Here’s a simple example using the Local Process Backend:

from kubeflow.trainer import CustomTrainer, TrainerClient, LocalProcessBackendConfig

def train_model():
    import torch
    import time

    print("Starting training...")

    model = torch.nn.Linear(10, 1)
    optimizer = torch.optim.SGD(model.parameters(), lr=0.01)

    for epoch in range(5):
        loss = torch.nn.functional.mse_loss(
            model(torch.randn(32, 10)),
            torch.randn(32, 1)
        )
        optimizer.zero_grad()
        loss.backward()
        optimizer.step()

        print(f"Epoch {epoch + 1}/5, Loss: {loss.item():.4f}")

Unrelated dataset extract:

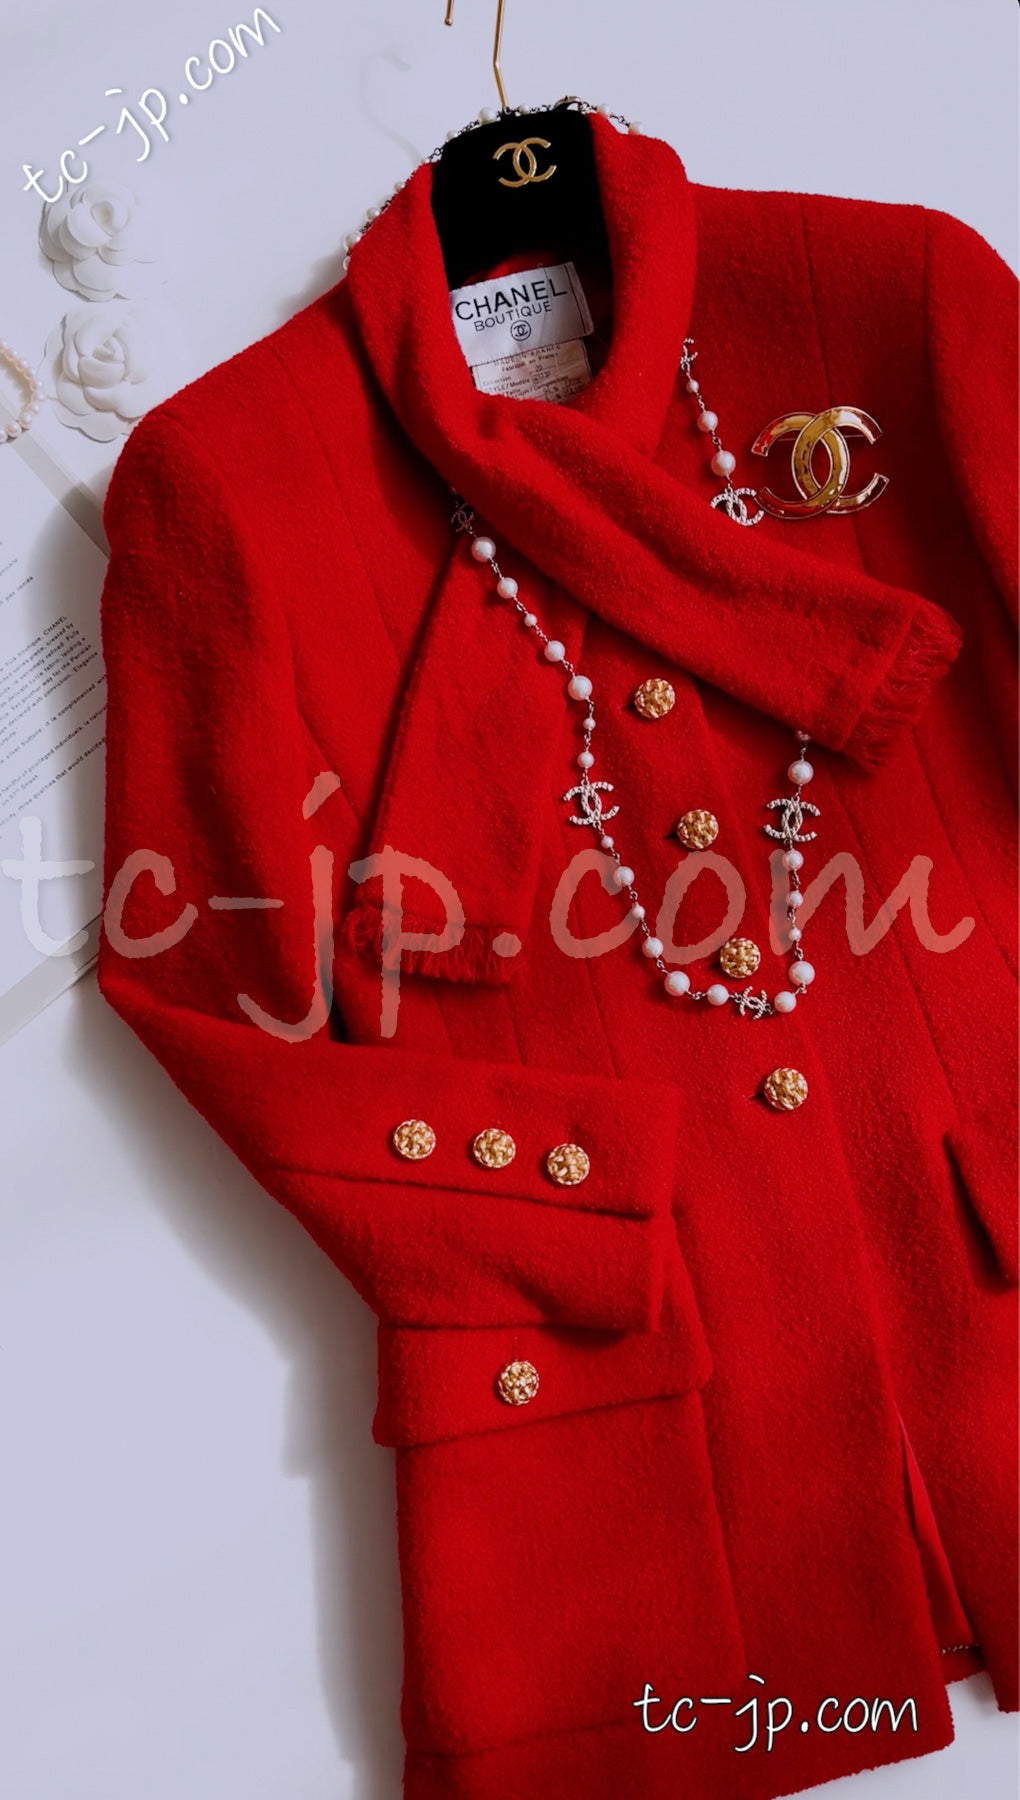 CHANEL 92A Iconic Collector's Piece Purple or Red Jacket 36 38 シャネル パープル・レッド・コレクター限定品 レア・ジャケット 即発

    print("Training completed!")

backend_config = LocalProcessBackendConfig(
    cleanup_venv=True
)

client = TrainerClient(backend_config=backend_config)

trainer = CustomTrainer(
    func=train_model,
    num_nodes=1,
)

job_name = client.train(trainer=trainer)
print(f"TrainJob started: {job_name}")

job = client.wait_for_job_status(
    job_name,
)

print(f"Job completed with status: {job.status}")

Configuration Options¶

LocalProcessBackendConfig¶

The LocalProcessBackendConfig class provides configuration options for the Local Process Backend:

Parameter	Type	Default	Description
`cleanup_venv`	`bool`	`True`	Whether to automatically remove virtual environments after job completion. Set to `False` to preserve environments for debugging.

Example:

from kubeflow.trainer import LocalProcessBackendConfig

backend_config = LocalProcessBackendConfig(
    cleanup_venv=False
)

Working with Runtimes¶

The Local Process Backend has a fixed set of built-in runtimes (unlike Container Backends which load runtimes from external sources).

Supported Runtimes¶

Runtime	Framework	Description	Packages
`torch-distributed`	PyTorch	PyTorch training with torchrun	`torch`

Job Management¶

For common job management operations (listing jobs, viewing logs, deleting jobs), see the Job Management section in the overview.

Checking Job Status¶

The Local Process Backend also supports checking detailed job status:

job = client.get_job(job_name)
print(f"Status: {job.status}")
print(f"Created: {job.created}")
print(f"Completed: {job.completed}")

Advanced Usage¶

Custom Training with Dependencies¶

You can specify additional packages to install in the training environment:

from kubeflow.trainer import CustomTrainer, TrainerClient, LocalProcessBackendConfig

def train_with_dependencies():
    import numpy as np
    import pandas as pd
    from sklearn.ensemble import RandomForestClassifier

    print("Training with scikit-learn...")
    X = np.random.rand(100, 4)
    y = np.random.randint(0, 2, 100)

    clf = RandomForestClassifier(n_estimators=10)
    clf.fit(X, y)

    print(f"Model accuracy: {clf.score(X, y):.2f}")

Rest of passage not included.